For an acrredited agency this one has a lot of issues.
ASF says
Faith-based? What the heck does THAT mean?
Pogo says
@Flagler Live
So according to Florida Department of State Data last refreshed on Sunday, April 14, 2019 (as it appears on the corporationwiki site) Kerrie Dawson is the CEO, and Amanda Thomas is the CFO. Dr. Wrobel and Kelly Thrift (from Southern Correctional’s site, About [1]) aren’t listed at all. What up?
[1] http://www.scmhealth.net/staff/
Dave says
Justice for Anthony! We will not forget what happend to him!! And someone please please remove this faith based organization from our public system.
Flatsflyer says
Take 2 aspirin and I’ll see you on Tuesday. Faith based leaves too many options for religious discrimination. We see that we the Pro Lifers, the Anti Vaxers, etc. Thoughts and prayers don’t cut it when someone actually needs medical care.
Jane GentileYoud says
Don’t we have many local qualified residents who should be hired directly by the county instead of making deals with out of state ‘faith’ based middlemen costing us so much?
After 3 days in ‘faith based’ Advent Health I never saw any person of ‘cloth’ and heard but one prayer. Medical care should not be based on ‘faith- we are all GOD’s children . Biggest scam going is the property and federal income tax exemptions.
Hire locally Sheriff and don’t pay my tax money to out of towners and pay by the hour not a yearly conShtract rate. Shame on you for snubbing your qualified constituent.
You are trying hard to keep us safe I appreciate that but not slap in the face business deals such as this.
Put Annie Conrad in charge of hiring – if she is willing. You’ll reap far better care than what you just negotiated.. Have faith in your own staff – we don’t need outsiders.
Percy's mother says
An LPN is a glorified CNA . . . with 1 year of general, GENERAL what could be called medical training. They can take a blood pressure, pulse, respirations, a pulse oximetry, write it down for documentation purposes but that’s about as far as it goes.
I still say this could have been handled better by Flagler County hiring one or two RNs.

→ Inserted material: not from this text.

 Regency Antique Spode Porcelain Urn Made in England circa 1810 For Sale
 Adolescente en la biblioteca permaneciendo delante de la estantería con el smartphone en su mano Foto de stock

It would have been less expensive in the long-term and much less dangerous when it comes to liability.
Once again, people making decisions when they know nothing about the issue they’re dealing with.
Do the powers that be know the difference between a CNA, an LPN and an RN and the ramifications of having any one of the three on staff? Obviously not.
RCH says
and what about separation of church and state?
Really says
So now inmates can die in the name of God whilst residing
Geezer says
Faith-based–get the hell outta here!
Wow says
So these “faith” based providers will be able to refuse to treat those who they consider sinners? Saves work.